Desde la visión del Foro Académico Permanente América Latina y el Caribe-Unión Europea (FAP ALC-UE) —que durante trece años ha impulsado incansablemente la creación de un Espacio Común Eurolatinoamericano de Educación Superior, Ciencia, Tecnología e Innovación—, las posibilidades de nuestra región se potenciarían exponencialmente si logramos consolidar un Acuerdo de Integración Académica ALC-UE. Este acuerdo permitiría la libre circulación de estudiantes, académicos e investigadores, uniendo a la comunidad académica de ambas regiones en un espacio común. De este modo, se erigiría el pilar académico definitivo de la Asociación Estratégica Birregional, integrándose en una sinergia mutuamente enriquecedora con los poderes públicos y otros actores de la sociedad civil.
La fuerza de esta alianza es innegable. En conjunto, representamos a más de 52 millones de estudiantes, 8.700 universidades y 4,5 millones de profesores. Si logramos trabajar libremente y en red, constituiremos una formidable masa crítica dedicada a fortalecer nuestras capacidades y a construir escenarios de paz, desarrollo y cooperación.

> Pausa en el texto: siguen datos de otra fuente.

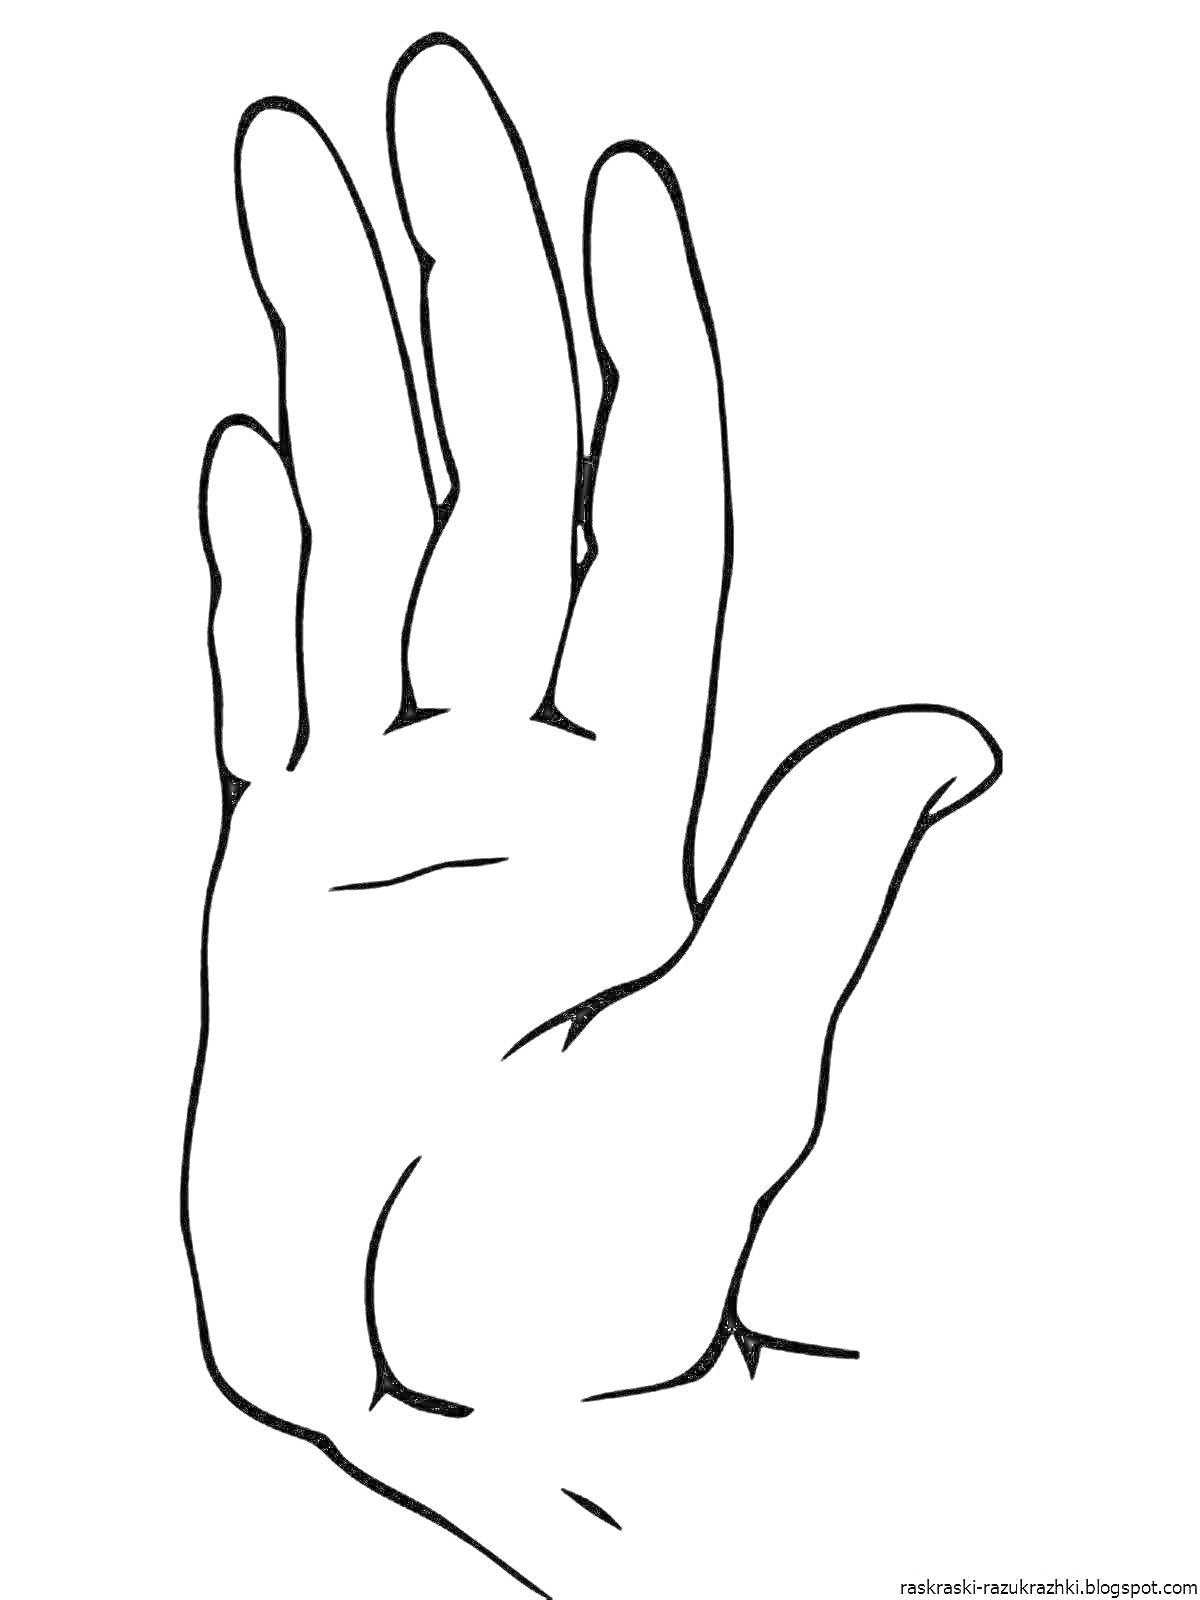 Раскраска контур руки с растопыренными пальцами
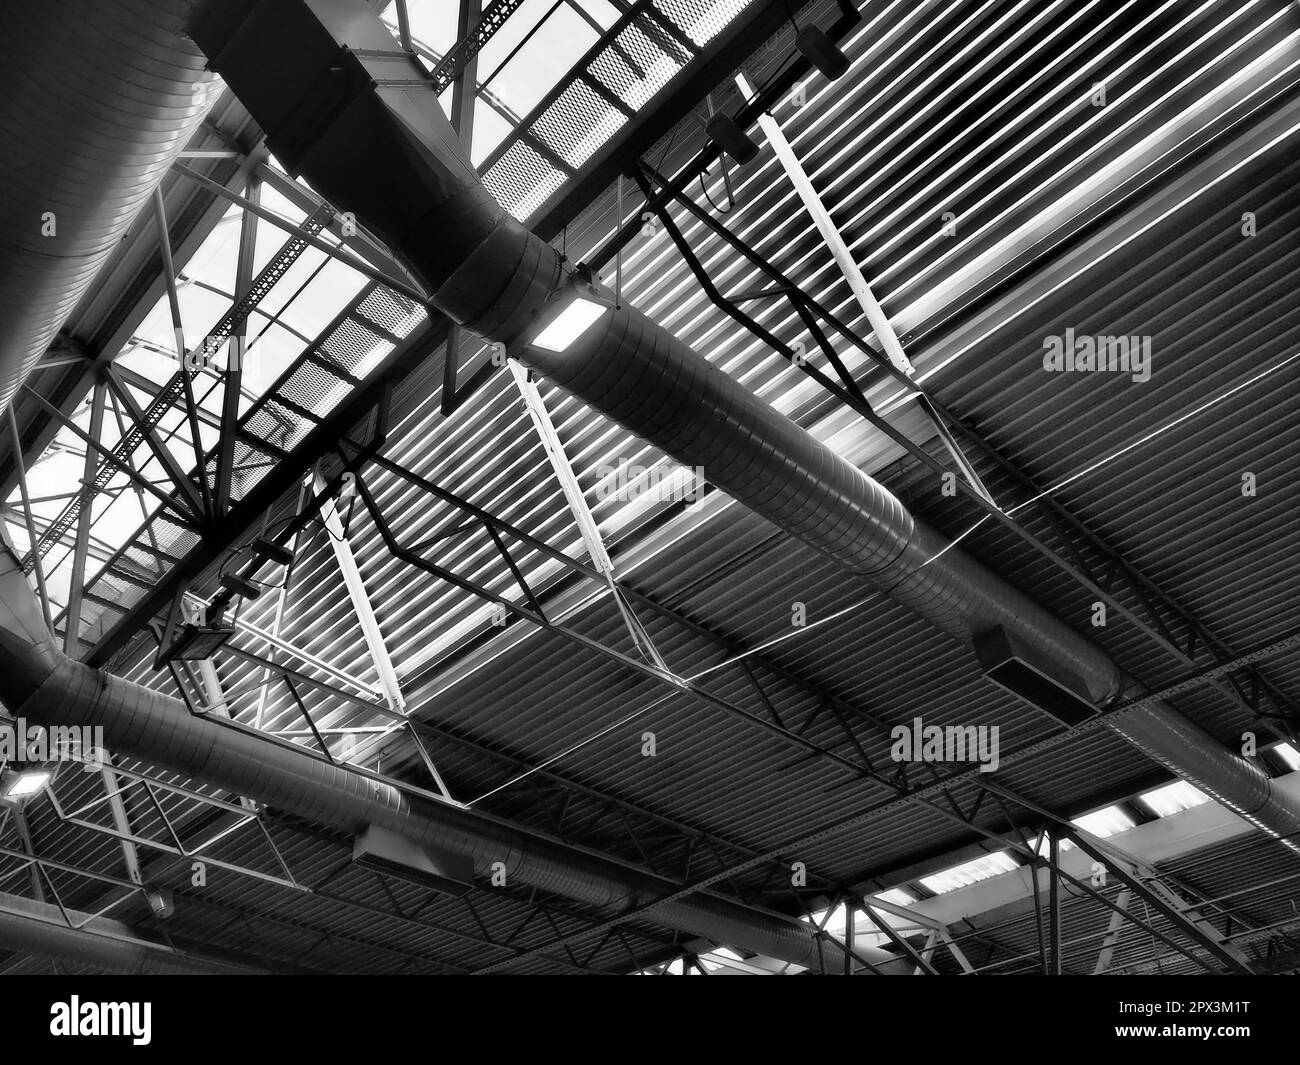 Das Dach eines Hangars, einer Produktionshalle oder einer Sporthalle. Metallkonstruktionen, Balken, Stützelemente. Lüftungsanlagen in großen Hallen und Räumen. Stockfoto

Una fuerza de esta magnitud no puede —ni debe— ser ignorada por los tomadores de decisión.
Este es, precisamente, el desafío que abordaremos en octubre durante la VII Cumbre Académica ALC-UE en Oporto, Portugal. Este encuentro congregará a cientos de rectores, decanos, directores, académicos y estudiantes de Europa y América Latina y el Caribe, bajo el alto patrocinio del Presidente de la República Portuguesa y de la Asamblea de la República del país anfitrión, así como de la Organización de Estados Iberoamericanos (OEI), la Universidad para la Paz de Naciones Unidas, la Fundación EU-LAC y la Erasmus Student Network.
Nuestras conclusiones y propuestas no se quedarán en el ámbito estrictamente universitario; serán elevadas a las Jefas y Jefes de Estado y de Gobierno que se reunirán en noviembre en la XXX Cumbre Iberoamericana en Madrid, y marcarán la hoja de ruta hacia la V Cumbre CELAC-UE en 2027.
La integración académica no es solo una aspiración del mundo universitario; es un paso imprescindible y un imperativo estratégico para asegurar el lugar que nuestras naciones merecen en el futuro global.